When: 3 – 5 October 2008

Present: Rhoda (organiser), Bob, Alan, Claire, Richard N, Sarah, Bruce, Richard C, Fiona, Steve C, Simon H, Belinda, Will, Keyna, Paul, Mike, Gaby, Matt, Nathan, Alex, Mick, Ange, Ayla

Location: Liskey Hill Campsite, Perranporth

For some, the journey to Cornwall presented a challenge (apparently it is possible to go the wrong way on the A30 for several miles before realising the signposts really shouldn’t be saying ‘London’). For others, the challenges started on arrival at our destination: trying to find the right caravans when they didn’t seem to be numbered sequentially; a lack of toilet roll prompting emergency text messages to those still on the road. Despite all this, everyone managed to end up in the caravan with all the light, heat and alcohol on Friday night: Mick and Ange’s. Ayla impressively slept through twenty people drinking and chatting into the small hours of the morning.

Saturday morning dawned clear, with excellent views of the beach and in direct contradiction of the weather forecast. Steve and Paul made a few comments about our lack of faith in the elements, and announced their intention to find some climbing. Everyone else set off along the coast towards St Agnes. This is an area with plenty of relics of the Cornish mining industry, including the quarry at Cligga Head and other leftovers (translation: holes to drop stones into to see how deep they go). We stopped for a coffee at Trevaunance Cove, by which time it was clear that Rhoda had used up all her weather goddess luck in the Gower. The rain persisted, on and off, for the rest of the day, with the addition of strong gusty winds (always fun on a coast path with a steep drop to the right).
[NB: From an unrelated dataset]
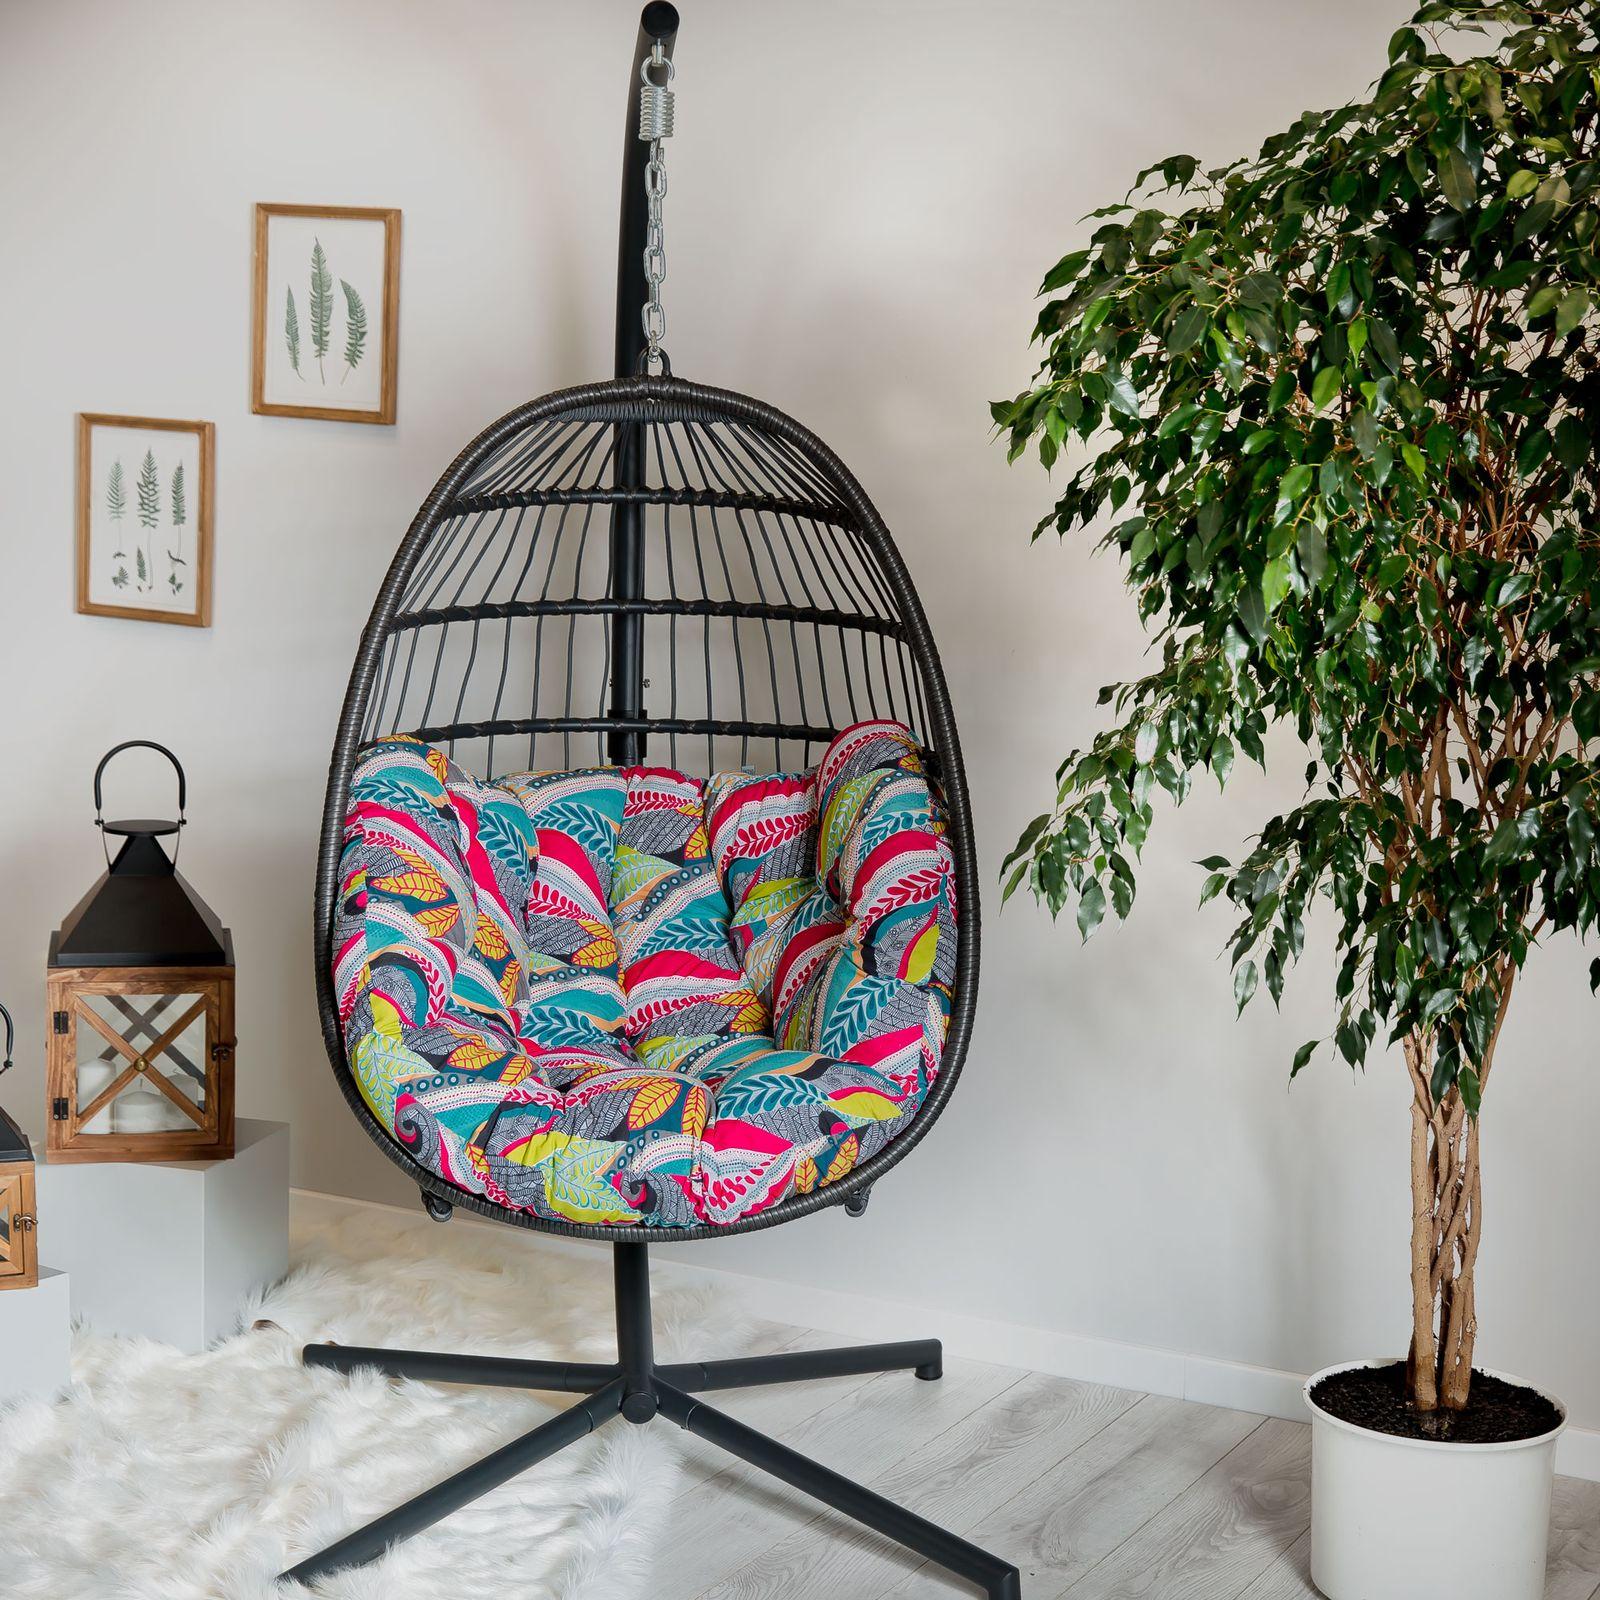 Cojín ovalado para silla colgante G039-11HB 144 x 100/45 x 10/12 cm PATIO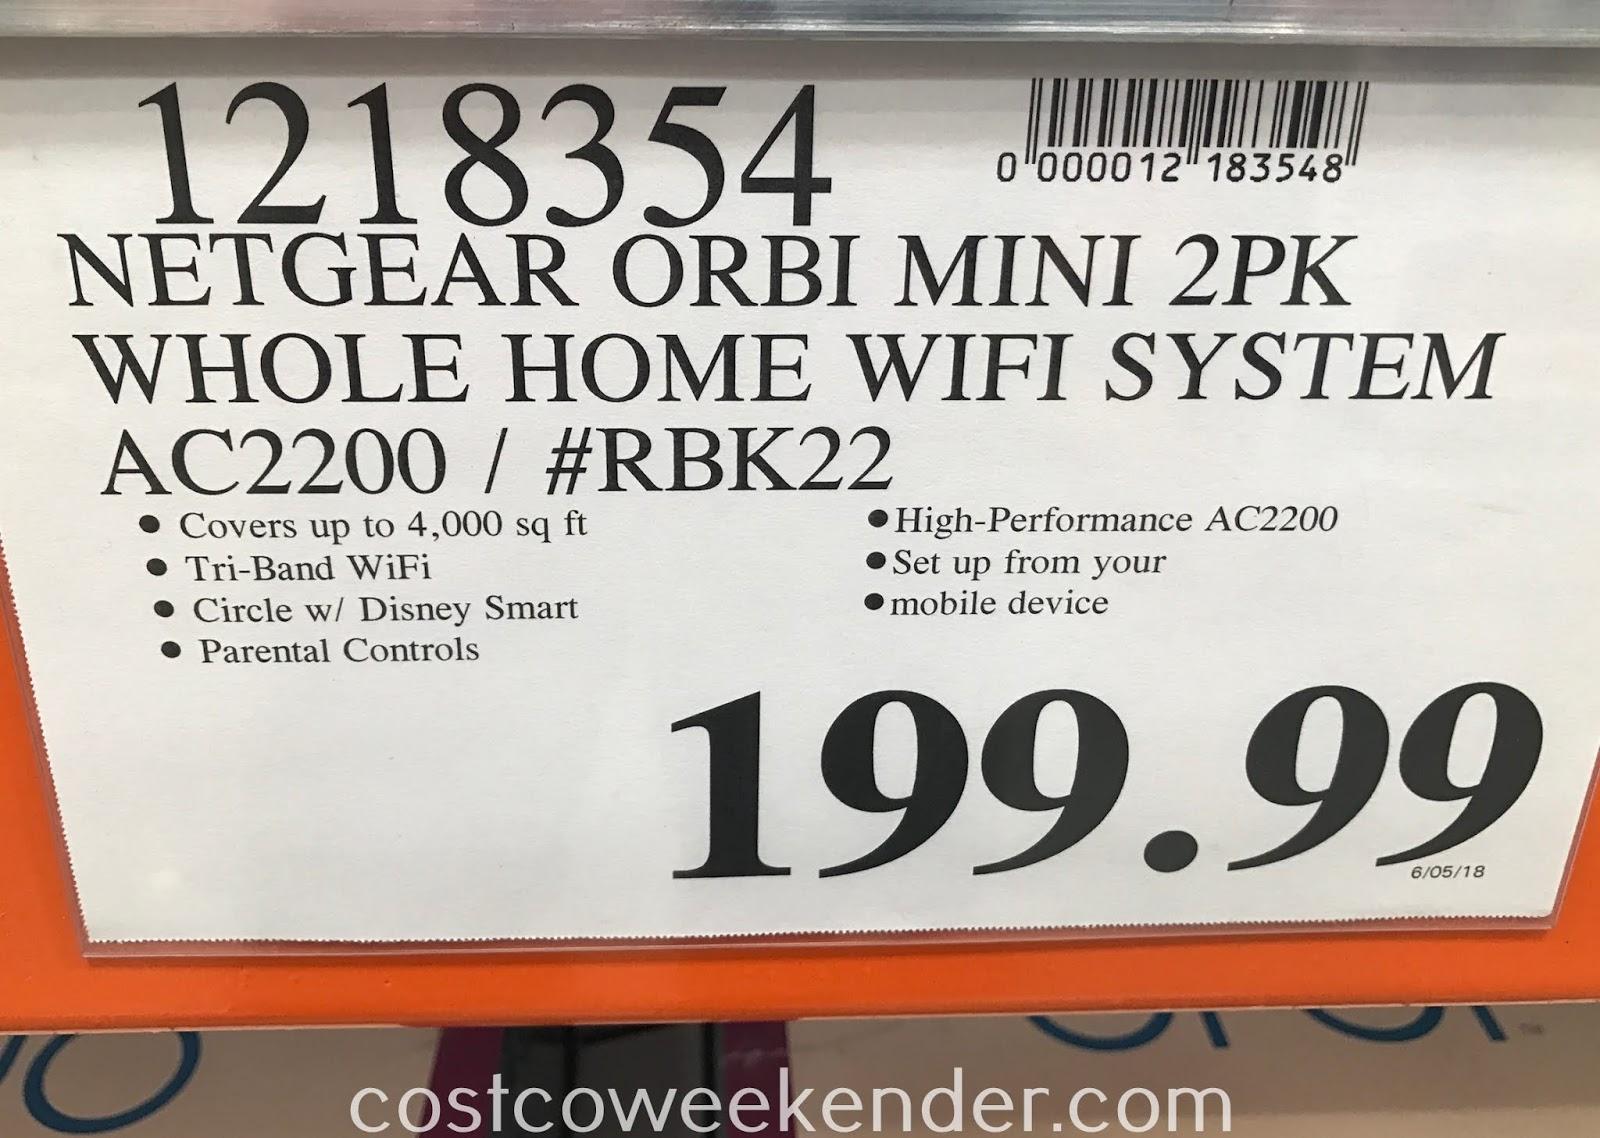 Netgear Orbi WiFi System AC2200 (RBK22) (2 pack) | Costco

A few people headed inland or back to the campsite early, but the majority of the group carried on around the coast and stopped for another much-needed hot drink (or scary-looking ice cream and clotted cream concoction in Nathan’s case) before heading inland via some muddy fields and inquisitive cows to St Agnes. The restrictions of the bus timetable then forced us to go to the pub before catching the bus back to Perranporth.

Descent into Trevellas Cove.

Rain/wind prevents any thought of play in the beach cricket.

Meanwhile, the only climbing that Steve and Paul managed to locate was indoors, and they also had an illuminating encounter with the local constabulary on the way back…

Saturday evening brought the usual culinary extravaganzas, including a Moroccan theme in one caravan, and all-out Mexican in another. Further socialising took place in two or three groups, possibly due to a disinclination to uproot to another caravan in the pouring rain.

NMC hits the surf.

Not quite what was planned.

Climbing in the great indoors.

Sunday was a more relaxed start, with a variety of activities. Mike and Keyna set off on their bikes, while Richard N, Belinda, Alan and Claire took a walk across the dunes and path above Perranporth beach. A larger group (Bob, Rhoda, Alex, Bruce, Richard C, Simon and Fiona) went surfing at Perranporth, watched from a safe distance by Sarah, Nathan, Mick, Ange and Ayla. It was never established whether it was actually warmer in a wetsuit in the sea than on the extremely windy beach, but at least the latter group had the option of nipping off for a hot coffee. Later on, the weather began to look up, which was perfect timing for Rhoda, Gaby, Keyna and both Richards who had booked horse riding on the beach. The climbers had headed inland to Bodmin Moor by this stage, where unfortunately the weather had not cleared – they were spotted in intense discussions in a layby on the A30, and eventually went to the indoor wall at Launceston.